The United States responded with significant military force. Carrier strike groups surged into the region. American aircraft struck IRGC naval facilities, missile batteries, and command infrastructure across southern Iran. Mine countermeasure operations began, though clearing a seeded strait under active threat is a slow, methodical process that bears no resemblance to the speed of the initial crisis. Within weeks, the administration declared that Iranian capabilities had been “substantially degraded” and turned to NATO with the expectation that the alliance could now assume a stabilization role — convoy escort, maritime patrol, minesweeping coordination, and reassurance signaling to Gulf partners.

NATO was not ready. And rather than acknowledge the structural reasons why, President Trump chose to personalize the failure in terms that were as counterproductive as they were inaccurate. In remarks delivered publicly and amplified across social media, Trump accused NATO allies of cowardice, suggesting that European members were content to let American sailors die protecting energy supplies that fed European economies. The language was blunt, inflammatory, and deeply corrosive to alliance cohesion. It was also wrong — not in identifying a real gap, but in diagnosing its cause.

NATO’s hesitation was not cowardice. Alliance members do not lack courage or strategic interest in open sea lanes. What they lacked was doctrine, pre-positioned assets, established command arrangements for out-of-area Gulf operations, and — critically — any prior joint planning with the United States for exactly this contingency. Accusing partners of cowardice for failing to execute a mission they were never resourced, authorized, or architecturally prepared to perform is not leadership. It is the displacement of a structural failure onto the people who were harmed by it. More damaging still, Trump’s remarks handed Tehran a propaganda instrument of considerable value: images of alliance disunity broadcast across regional media at the precise moment when cohesion was most needed. Within NATO councils, the remarks generated fury that was carefully managed in public and openly expressed in private. Several allies who had been moving toward a more active posture pulled back, unwilling to be seen responding to presidential insults rather than strategic logic.

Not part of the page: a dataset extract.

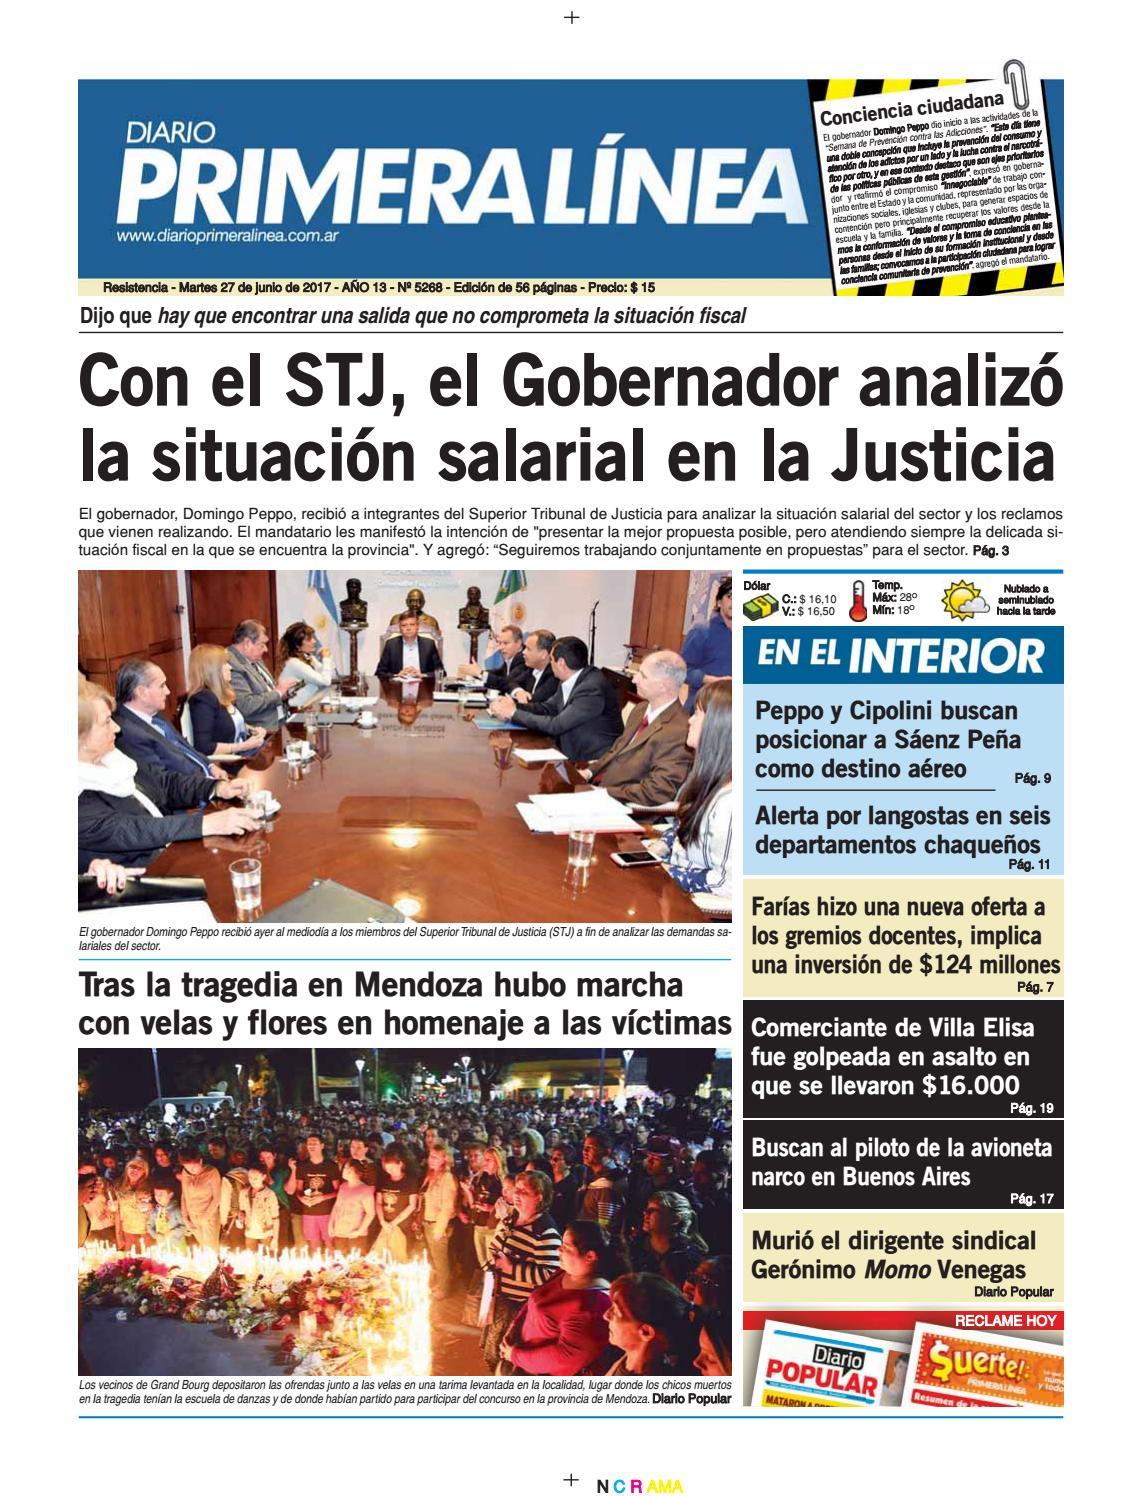 Primera Línea 5268 27 06 17 by Diario Primera Linea - issuu

This is the central paradox of the crisis. The strategic disconnect between the United States and NATO was real and serious. It needed to be addressed. But the way in which Trump chose to address it made the underlying problem worse, not better. Alliance relationships are not transactional contracts that can be renegotiated through public humiliation. They are sustained by trust, shared doctrine, and the confidence that a partner will not weaponize your institutional limitations against you in a moment of crisis.

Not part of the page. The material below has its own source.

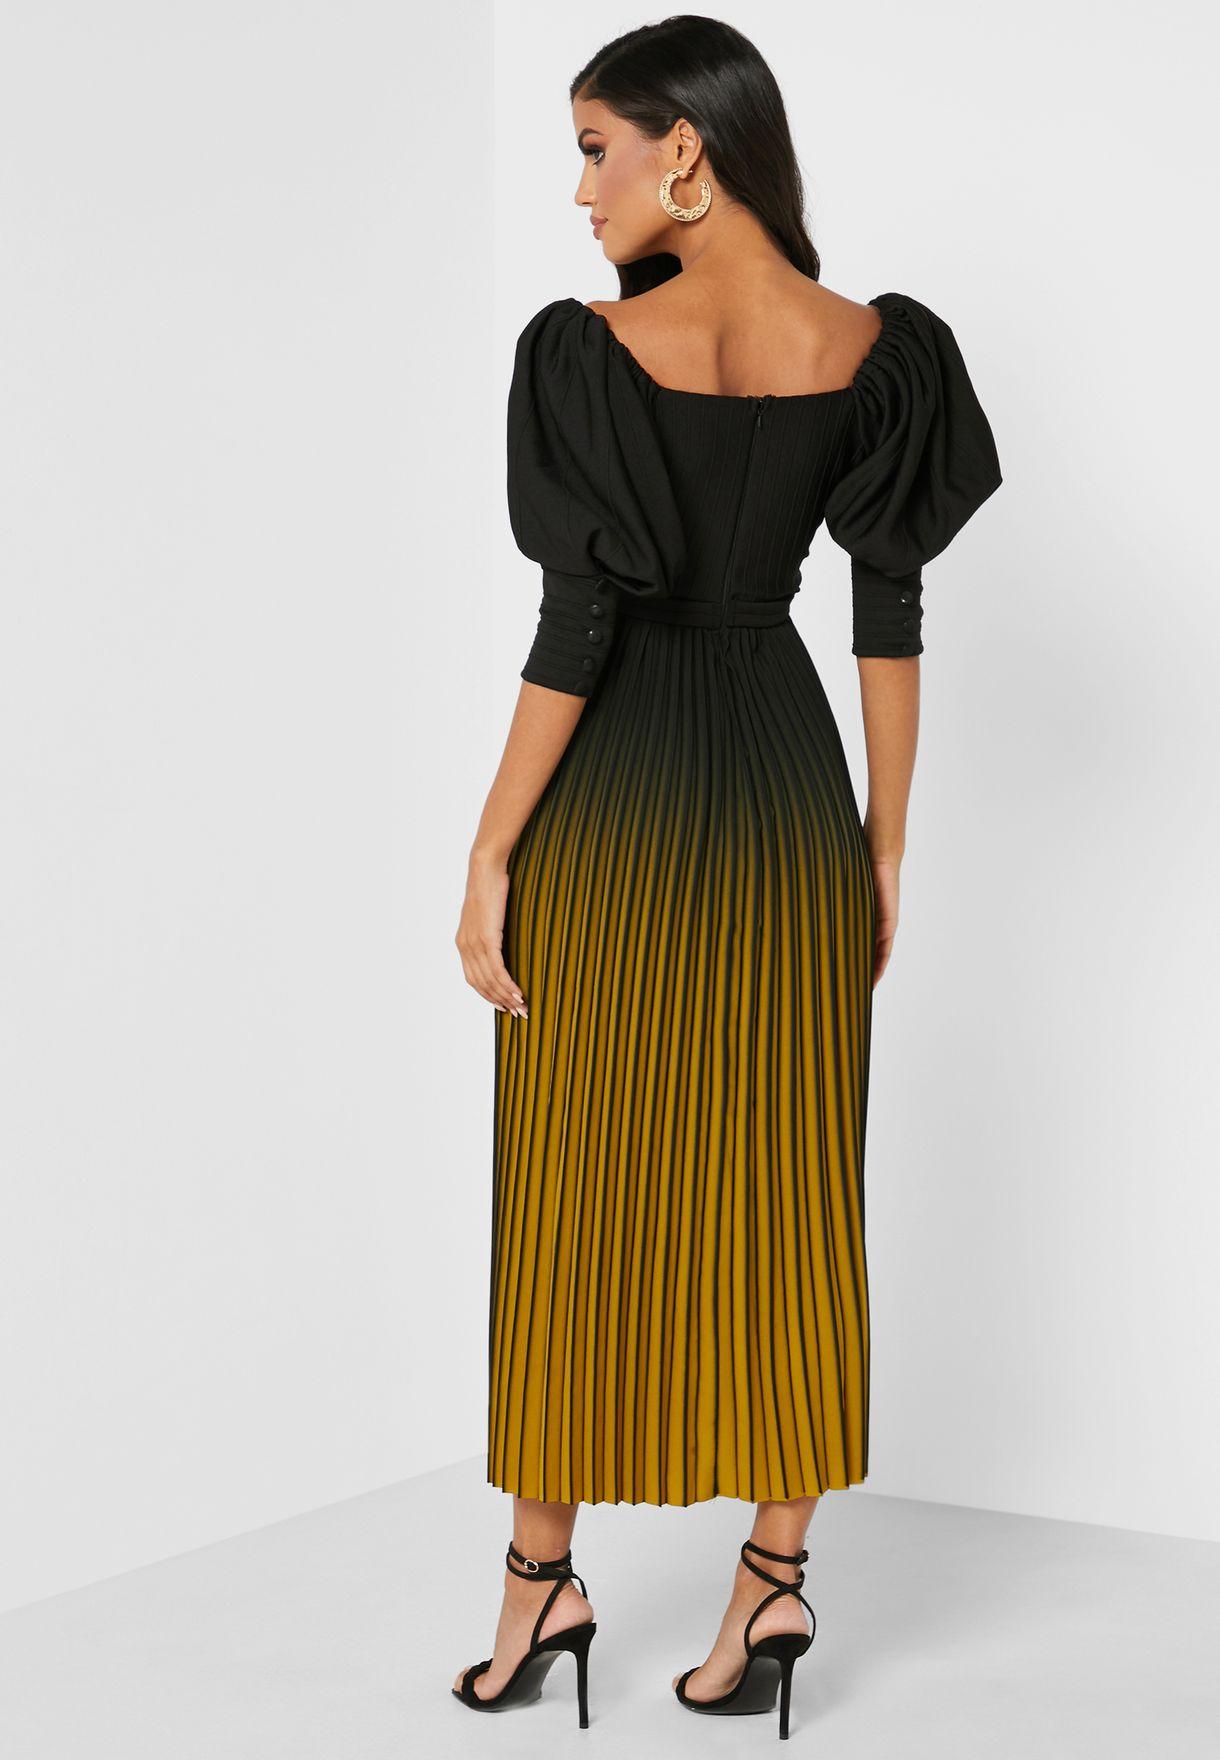 Pleated Puff Sleeves Dress

The lesson is not about blame. It is about doctrine. NATO’s interests and U.S. interests in Hormuz are structurally aligned. The alliance cannot insulate itself from a crisis that destabilizes global energy markets, fractures Gulf cohesion, and triggers asymmetric escalation across the region. The United States cannot manage Hormuz alone without affecting alliance stability. The solution is not to expand NATO’s mandate arbitrarily, but to align its doctrine with the realities of a world in which chokepoints are strategic pressure points, not regional curiosities. That means joint planning, pre-authorized command arrangements, shared intelligence architecture, and honest conversations about burden-sharing — conducted through alliance channels, not social media. Hormuz is not a distant problem. It is a global vulnerability. And the alliance must treat it as such. None of that is possible, however, without the United States providing the kind of strategic leadership upon which NATO was founded — leadership defined by consultation and cohesion, not coercion and contempt.

William Keenan is a retired Middle East Intelligence Analyst who served at NATO and the Pentagon. He lived and worked in the Middle East/North Africa for over 15 years. He is the author of ARABIA – Nine Years in the Kingdom.